But this F486S mutation reduces the efficiency of receptor utilization which must be counteracted with receptor-affinity gaining mutations, such as N460K and R493Q, to preserve the viral fitness.
Hence, it makes sense that once the XBB circulation is established, S486 is further mutated into P486 as present in XBB.1.5, thus regaining higher receptor affinity while still maintaining similar immune escape.

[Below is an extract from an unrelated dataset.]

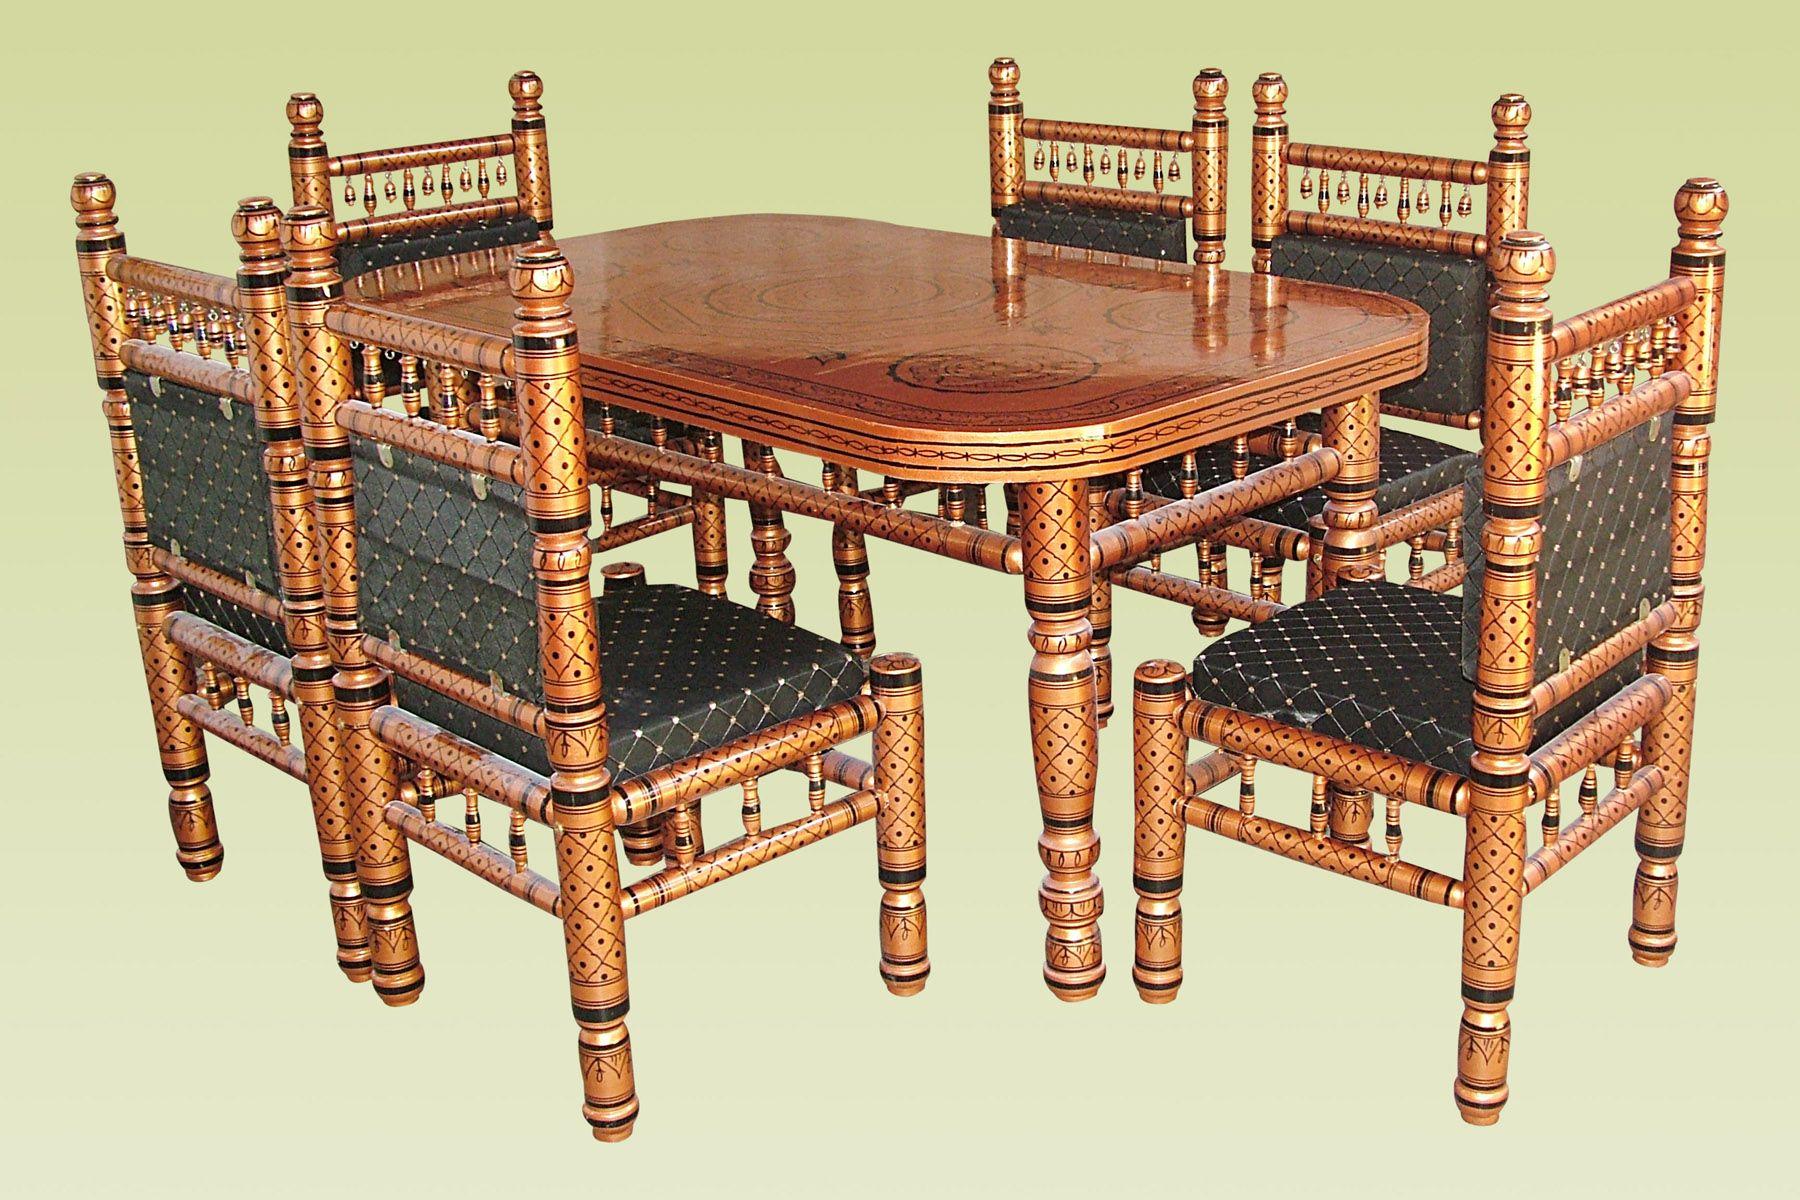 punjabi dining table furniture design ideas - Furniture Dining Table

Such a combination of enhanced antibody escape and receptor affinity therefore likely enables, and has facilitated, the current dominance of the XBB.1.5 strain.
In the cases of subvariants CH.1.1 and CA.3.1, it is clear that these variants have used the same strategy as other Omicron variants including BA.4/5 and BQ.1, by mutating the L452 and K444 sites of vulnerability frequently recognized by class I and II neutralizing antibodies to evade neutralization, again underscoring the convergent viral evolution.
Importantly, the study findings highlight the continued waning of 3-dose mRNA booster efficacy against newly emerging Omicron subvariants.
While this effect can be partially saved by administration of a bivalent booster, escape by some subvariants, particularly CH.1.1 and CA.3.1, is still prominent.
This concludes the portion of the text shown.